=== Section Start ===

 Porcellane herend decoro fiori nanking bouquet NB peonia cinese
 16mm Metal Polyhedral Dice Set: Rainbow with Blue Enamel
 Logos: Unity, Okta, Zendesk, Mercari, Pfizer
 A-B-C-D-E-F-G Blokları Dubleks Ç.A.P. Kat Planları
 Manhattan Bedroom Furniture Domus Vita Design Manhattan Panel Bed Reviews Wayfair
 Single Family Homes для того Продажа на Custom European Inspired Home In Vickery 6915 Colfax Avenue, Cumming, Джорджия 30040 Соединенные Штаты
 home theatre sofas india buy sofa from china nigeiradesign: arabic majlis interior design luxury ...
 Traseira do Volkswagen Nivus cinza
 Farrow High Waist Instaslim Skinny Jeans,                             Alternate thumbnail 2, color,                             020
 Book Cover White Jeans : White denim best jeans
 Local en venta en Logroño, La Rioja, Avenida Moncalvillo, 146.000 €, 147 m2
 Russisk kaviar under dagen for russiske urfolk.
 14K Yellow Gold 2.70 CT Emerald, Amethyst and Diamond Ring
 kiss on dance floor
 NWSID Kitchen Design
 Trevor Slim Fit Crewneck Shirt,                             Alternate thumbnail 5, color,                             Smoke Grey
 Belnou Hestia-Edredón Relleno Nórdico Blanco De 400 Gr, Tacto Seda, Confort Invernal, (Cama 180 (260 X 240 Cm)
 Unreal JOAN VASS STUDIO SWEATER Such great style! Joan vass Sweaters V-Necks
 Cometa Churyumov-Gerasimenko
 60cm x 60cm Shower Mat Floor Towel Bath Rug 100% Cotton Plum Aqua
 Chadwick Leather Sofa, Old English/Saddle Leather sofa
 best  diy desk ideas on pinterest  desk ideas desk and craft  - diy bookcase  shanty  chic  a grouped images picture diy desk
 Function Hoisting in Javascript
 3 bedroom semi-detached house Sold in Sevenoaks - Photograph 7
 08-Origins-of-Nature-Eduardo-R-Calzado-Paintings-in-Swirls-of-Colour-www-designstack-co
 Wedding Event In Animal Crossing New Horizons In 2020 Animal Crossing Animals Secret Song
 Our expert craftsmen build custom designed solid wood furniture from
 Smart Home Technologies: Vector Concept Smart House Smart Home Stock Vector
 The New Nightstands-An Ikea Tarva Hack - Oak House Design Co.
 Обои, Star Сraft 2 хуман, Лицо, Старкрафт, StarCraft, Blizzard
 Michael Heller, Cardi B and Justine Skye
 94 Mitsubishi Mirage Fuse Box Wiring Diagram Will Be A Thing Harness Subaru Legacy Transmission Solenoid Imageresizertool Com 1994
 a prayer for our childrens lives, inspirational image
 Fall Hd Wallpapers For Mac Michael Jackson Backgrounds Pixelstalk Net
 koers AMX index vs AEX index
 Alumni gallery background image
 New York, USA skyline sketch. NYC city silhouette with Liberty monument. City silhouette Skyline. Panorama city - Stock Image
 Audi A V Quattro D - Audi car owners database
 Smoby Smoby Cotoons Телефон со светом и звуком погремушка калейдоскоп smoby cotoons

=== Section End ===

> _Exercise requirements_
Would you please reproduce all of the lines above exactly?

> _Answer for this exercise_
 Porcellane herend decoro fiori nanking bouquet NB peonia cinese
 16mm Metal Polyhedral Dice Set: Rainbow with Blue Enamel
 Logos: Unity, Okta, Zendesk, Mercari, Pfizer
 A-B-C-D-E-F-G Blokları Dubleks Ç.A.P. Kat Planları
 Manhattan Bedroom Furniture Domus Vita Design Manhattan Panel Bed Reviews Wayfair
 Single Family Homes для того Продажа на Custom European Inspired Home In Vickery 6915 Colfax Avenue, Cumming, Джорджия 30040 Соединенные Штаты
 home theatre sofas india buy sofa from china nigeiradesign: arabic majlis interior design luxury ...
 Traseira do Volkswagen Nivus cinza
 Farrow High Waist Instaslim Skinny Jeans,                             Alternate thumbnail 2, color,                             020
 Book Cover White Jeans : White denim best jeans
 Local en venta en Logroño, La Rioja, Avenida Moncalvillo, 146.000 €, 147 m2
 Russisk kaviar under dagen for russiske urfolk.
 14K Yellow Gold 2.70 CT Emerald, Amethyst and Diamond Ring
 kiss on dance floor
 NWSID Kitchen Design
 Trevor Slim Fit Crewneck Shirt,                             Alternate thumbnail 5, color,                             Smoke Grey
 Belnou Hestia-Edredón Relleno Nórdico Blanco De 400 Gr, Tacto Seda, Confort Invernal, (Cama 180 (260 X 240 Cm)
 Unreal JOAN VASS STUDIO SWEATER Such great style! Joan vass Sweaters V-Necks
 Cometa Churyumov-Gerasimenko
 60cm x 60cm Shower Mat Floor Towel Bath Rug 100% Cotton Plum Aqua
 Chadwick Leather Sofa, Old English/Saddle Leather sofa
 best  diy desk ideas on pinterest  desk ideas desk and craft  - diy bookcase  shanty  chic  a grouped images picture diy desk
 Function Hoisting in Javascript
 3 bedroom semi-detached house Sold in Sevenoaks - Photograph 7
 08-Origins-of-Nature-Eduardo-R-Calzado-Paintings-in-Swirls-of-Colour-www-designstack-co
 Wedding Event In Animal Crossing New Horizons In 2020 Animal Crossing Animals Secret Song
 Our expert craftsmen build custom designed solid wood furniture from
 Smart Home Technologies: Vector Concept Smart House Smart Home Stock Vector
 The New Nightstands-An Ikea Tarva Hack - Oak House Design Co.
 Обои, Star Сraft 2 хуман, Лицо, Старкрафт, StarCraft, Blizzard
 Michael Heller, Cardi B and Justine Skye
 94 Mitsubishi Mirage Fuse Box Wiring Diagram Will Be A Thing Harness Subaru Legacy Transmission Solenoid Imageresizertool Com 1994
 a prayer for our childrens lives, inspirational image
 Fall Hd Wallpapers For Mac Michael Jackson Backgrounds Pixelstalk Net
 koers AMX index vs AEX index
 Alumni gallery background image
 New York, USA skyline sketch. NYC city silhouette with Liberty monument. City silhouette Skyline. Panorama city - Stock Image
 Audi A V Quattro D - Audi car owners database
 Smoby Smoby Cotoons Телефон со светом и звуком погремушка калейдоскоп smoby cotoons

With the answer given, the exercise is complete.